The presidential race between Democratic candidate Barack Obama and his rival Republican John McCain remained statistically tied, according to a poll published on Aug. 19, 2008.

Forty-five percent of those surveyed supported Obama while 43 percent chose McCain, according to the Los Angeles Times/Bloomberg poll.

The poll showed that Obama's public image has eroded this summer amid a daily onslaught of attacks from McCain and his allies who have portrayed Obama in recent weeks as a naive celebrity who is unprepared to lead the nation in dangerous times.

Far more voters say McCain has the right experience to be president, while more than a third have questions about Obama's patriotism, the poll found.

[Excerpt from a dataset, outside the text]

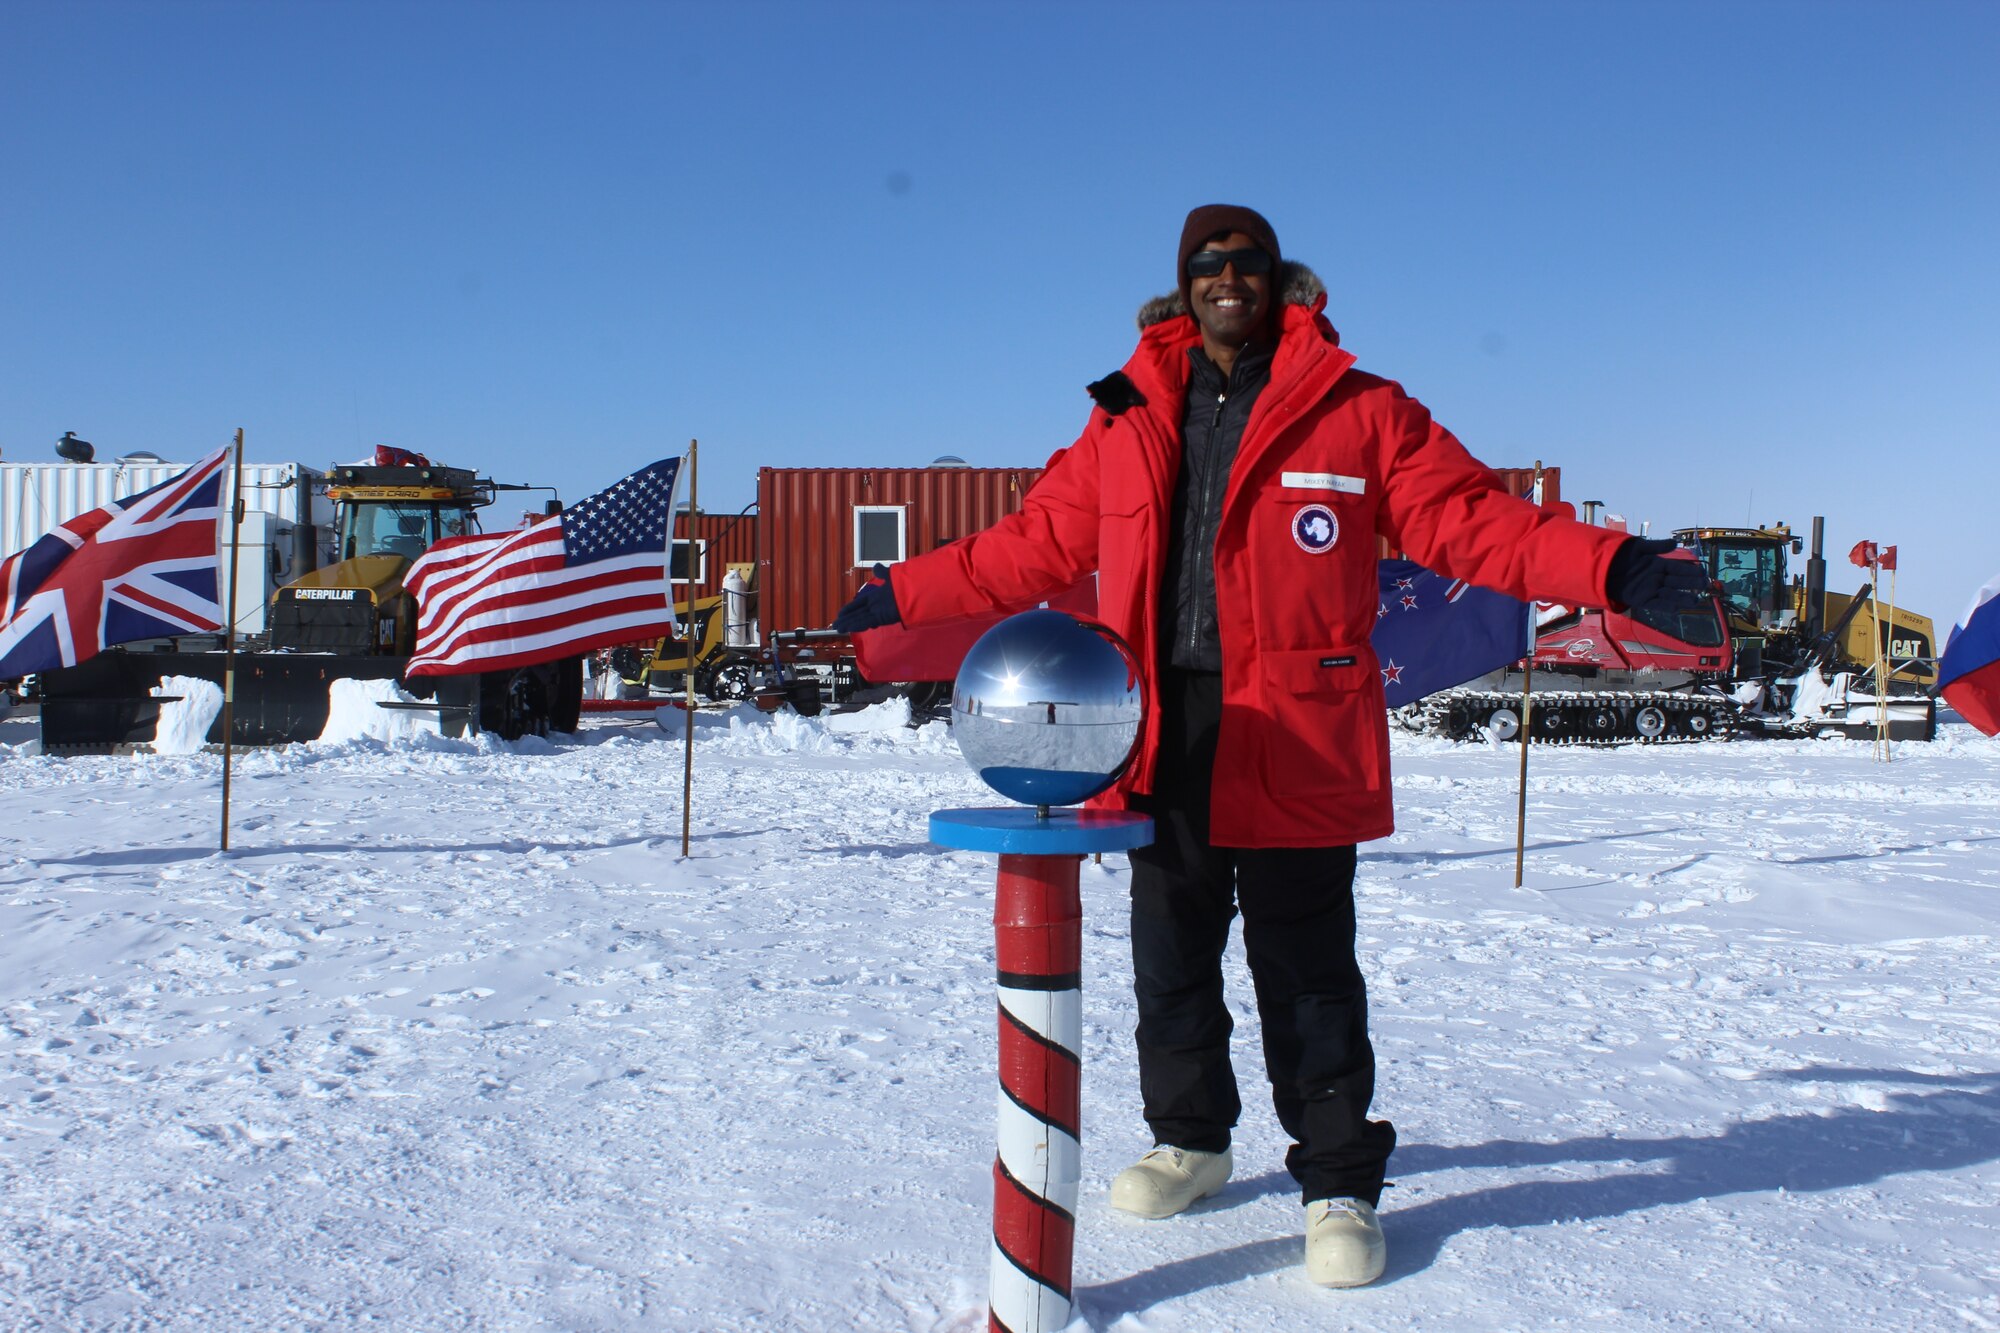 Capt. Michael Nayak, an AFRL scientist, at the Ceremonial South Pole with the South Pole Traverse (SPT) in the background. Several groups of trucks, bulldozers and Sno-Cats (tracked vehicles for snowy conditions) pull massive sleds with supplies from McMurdo Station to the South Pole Station. Each sled holds 20,000 gallons, or 140,000 pounds, of jet fuel. Every year, workers rebuild the thousand mile-road that supports this journey. (Courtesy photo)
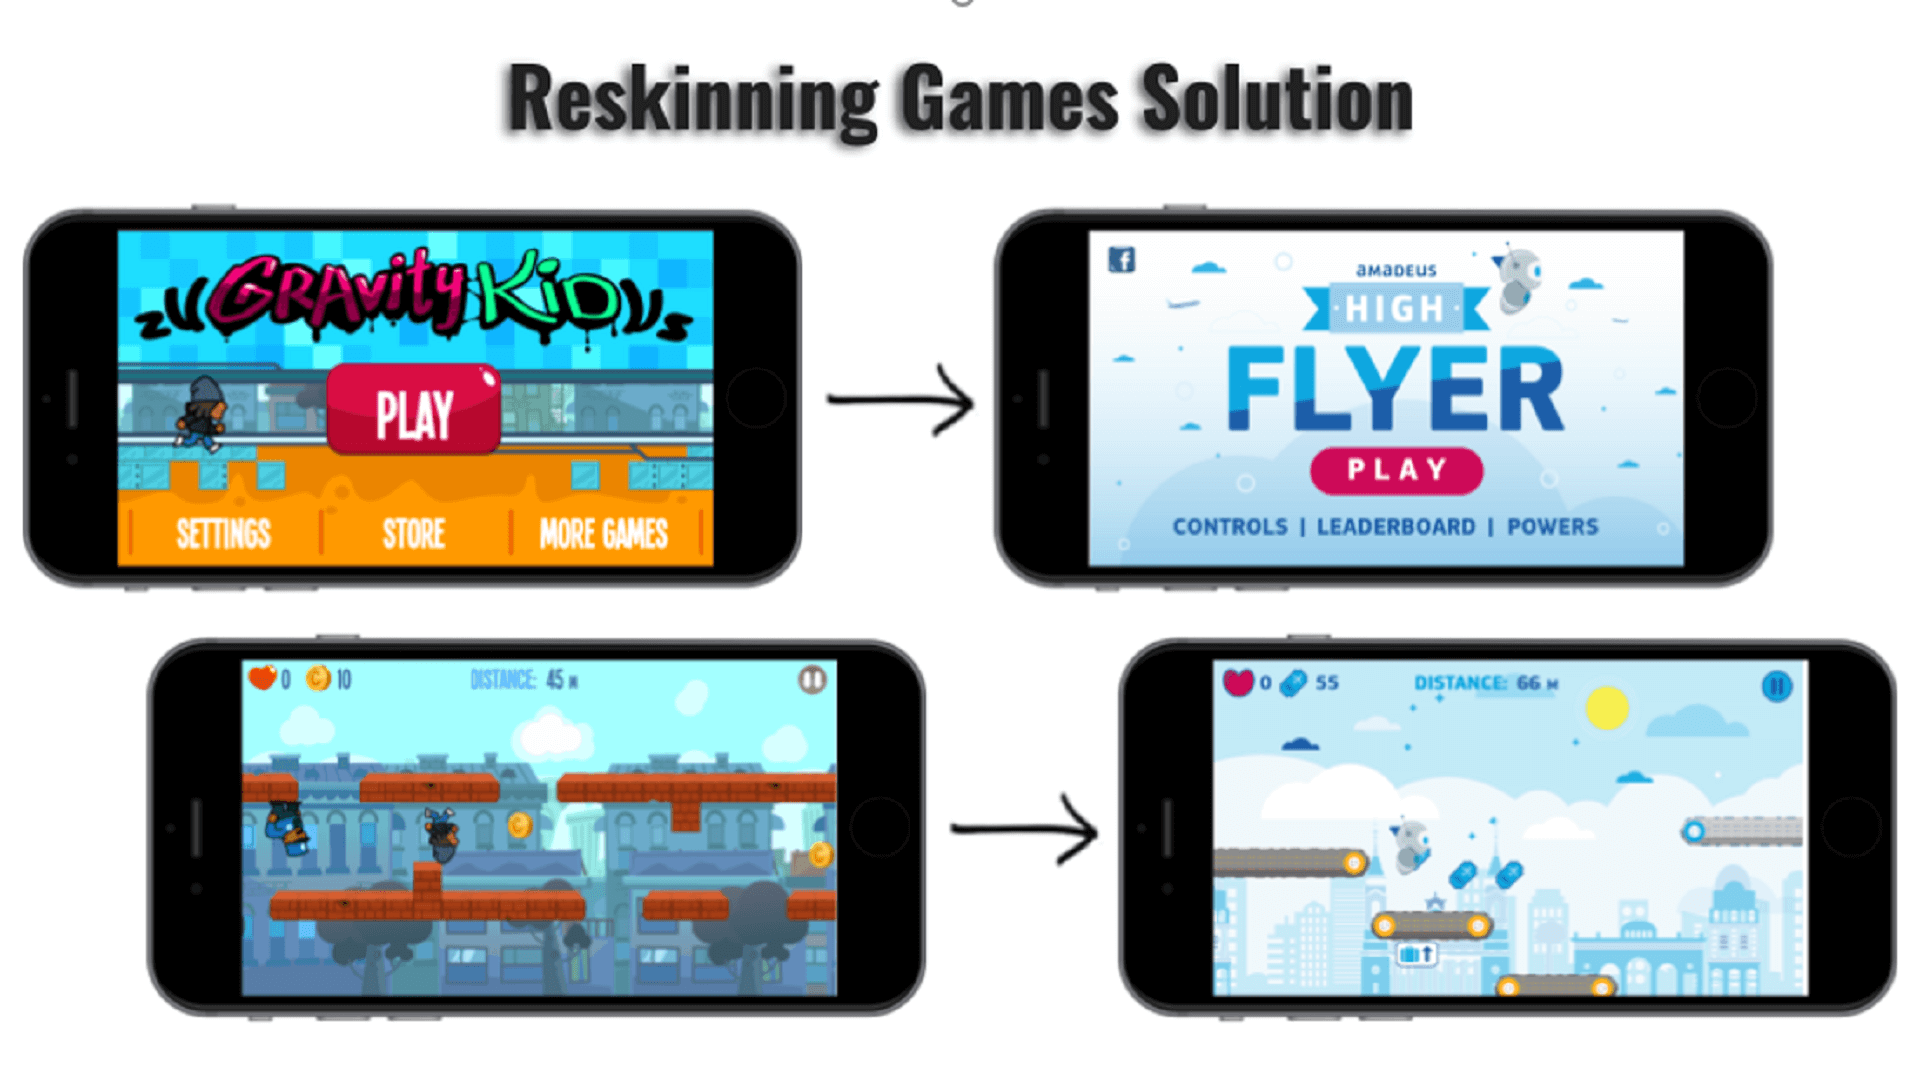 HTML5 Games For Human Resource Management (HRM)

The poll showed that 35 percent of the voters have questions about how patriotic Obama was; only 9 percent wondered how patriotic McCain was. Nearly half of the voters say Obama lacks the right experience to be president, while 14 percent feel that way about McCain.

According to the survey, 63 percent of the voters have confidence in Obama's ability to deal wisely with an international crisis, while 77 percent feel that way about McCain.

The survey also illustrated some of the campaign's racial undercurrents as Obama strives to become the first African American president.

Most voters said they knew at least some people who feel uneasy about electing a black president; 17 percent say the country is not ready to do so.

But as the economy ranked as the most important issue, more voters favored Obama, while McCain's supporters remained less enthusiastic, the poll showed. And independents, a crucial swinging bloc, were leaning toward Obama, with 47 percent favoring Obama and 36 percent supporting McCain.

Also, the Republican Party's dismal standing under U.S. President George W. Bush remained a drag on McCain's candidacy: 75percent of voters say the country is seriously on the wrong track.

The poll of 1,375 adults, including 1,248 registered voters, was conducted by telephone from Friday through Monday. It had a margin of sampling error of plus or minus 3 percentage points.

In June, Obama was ahead by 12 points. Other polls at that time showed him with a narrower lead.

Obama's favorable rating has sunk to 48 percent from 59 percent since the last Times/Bloomberg poll in June. At the same time, his negative rating has risen to 35 percent from 27 percent.

By comparison, McCain's ratings have hardly budged during the same period: 46 percent of voters have a positive feeling about him; 38 percent give him negative ratings.